▸ WORK INSTRUCTION
Write out the entries below exactly, but only from the line containing "SIDNEY BECHET - Les" through the line containing "Với thỏa thuận", and without the pictures.

---------- RECORDED INFORMATION ----------

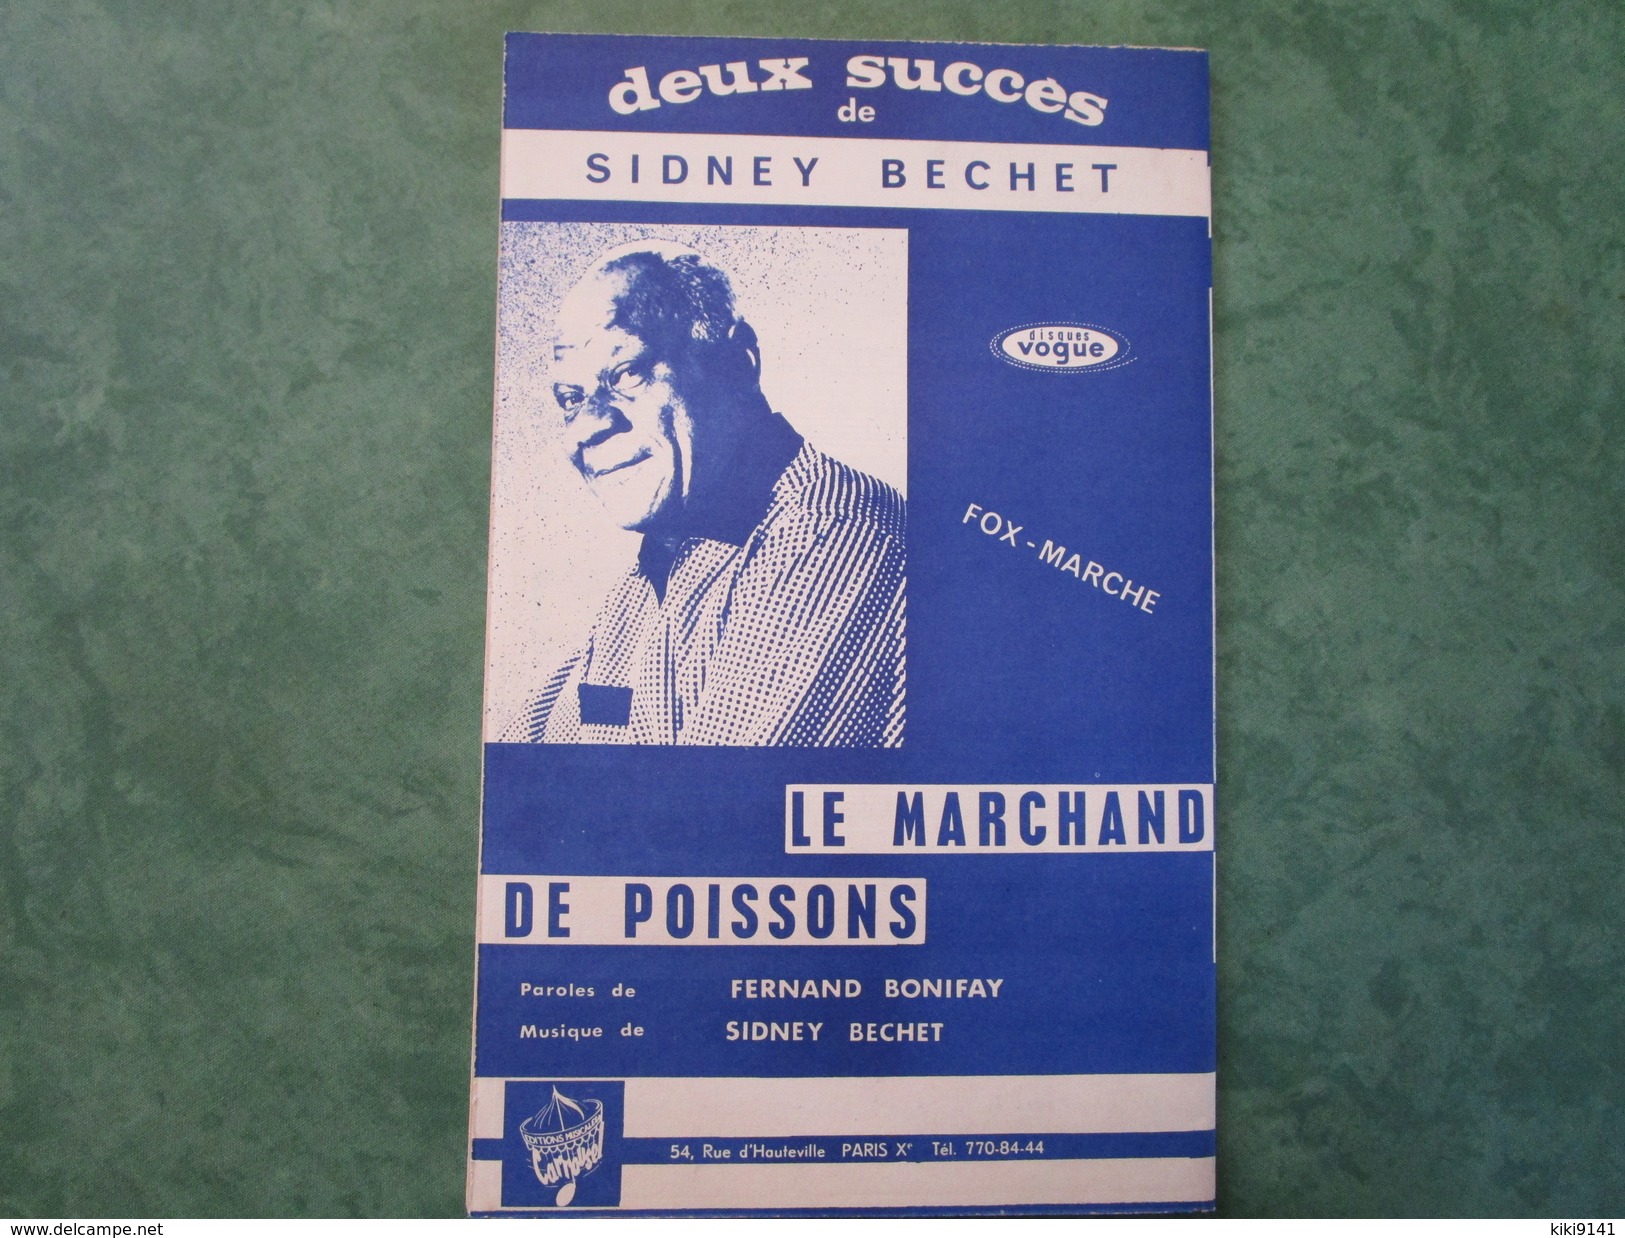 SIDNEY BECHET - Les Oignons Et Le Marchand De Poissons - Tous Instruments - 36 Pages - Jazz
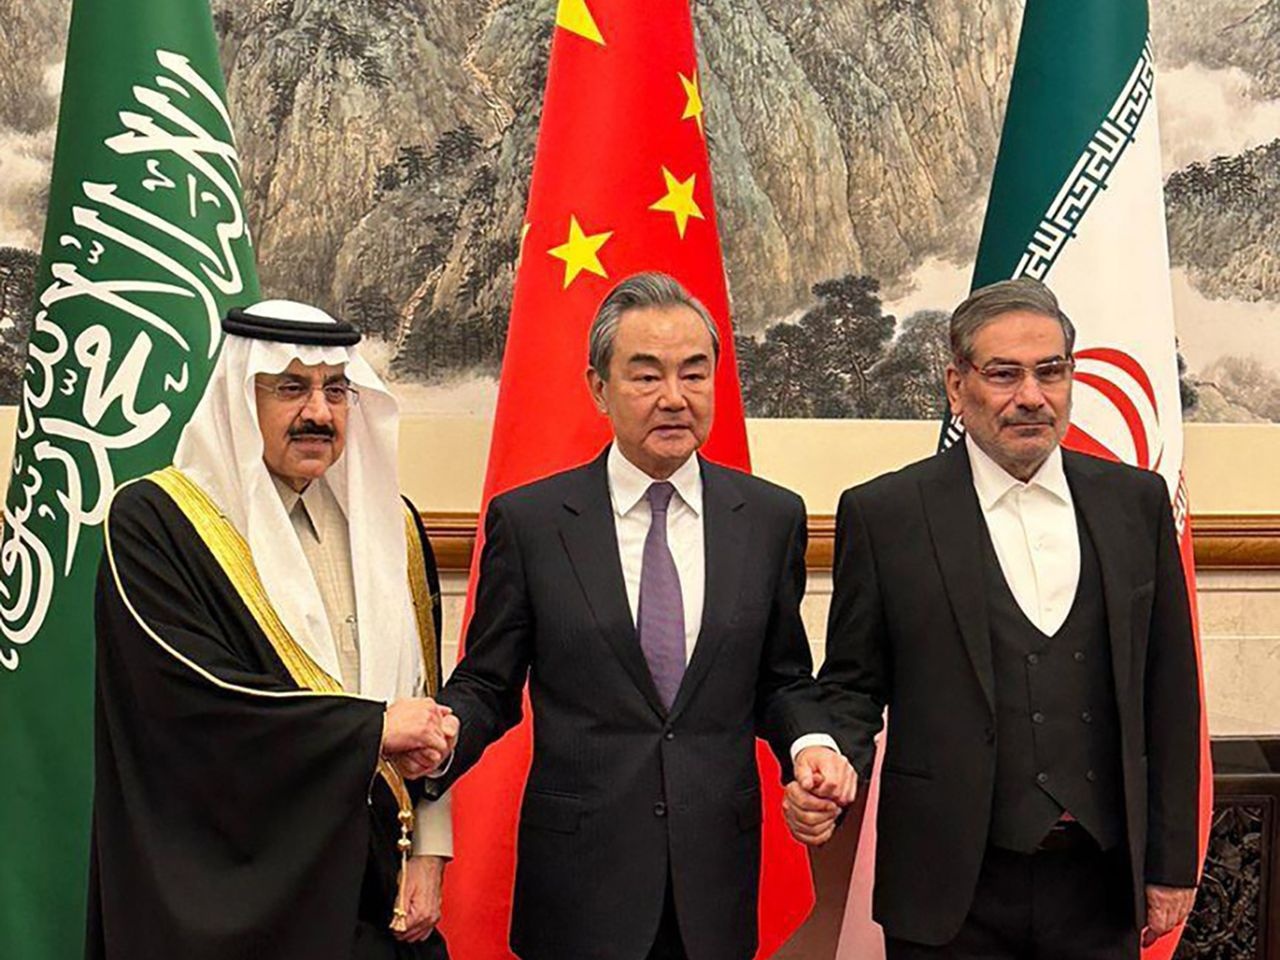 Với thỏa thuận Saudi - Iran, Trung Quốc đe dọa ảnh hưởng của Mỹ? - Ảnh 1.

----------
---------- RECORDED INFORMATION ----------

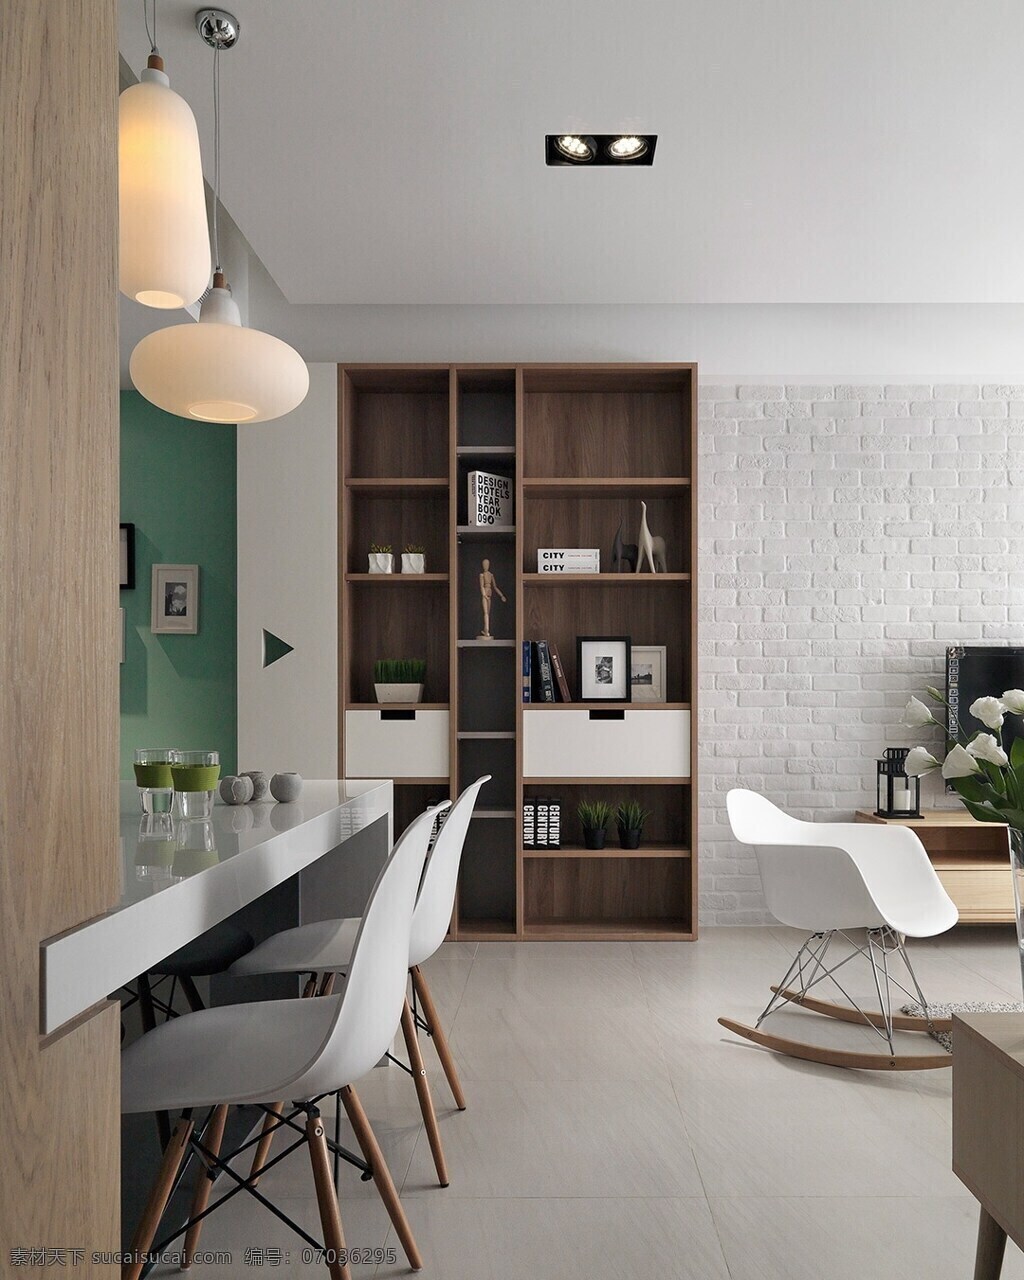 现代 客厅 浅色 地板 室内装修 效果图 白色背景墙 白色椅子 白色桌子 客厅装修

----------

▸ SOLUTION
 SIDNEY BECHET - Les Oignons Et Le Marchand De Poissons - Tous Instruments - 36 Pages - Jazz
 Với thỏa thuận Saudi - Iran, Trung Quốc đe dọa ảnh hưởng của Mỹ? - Ảnh 1.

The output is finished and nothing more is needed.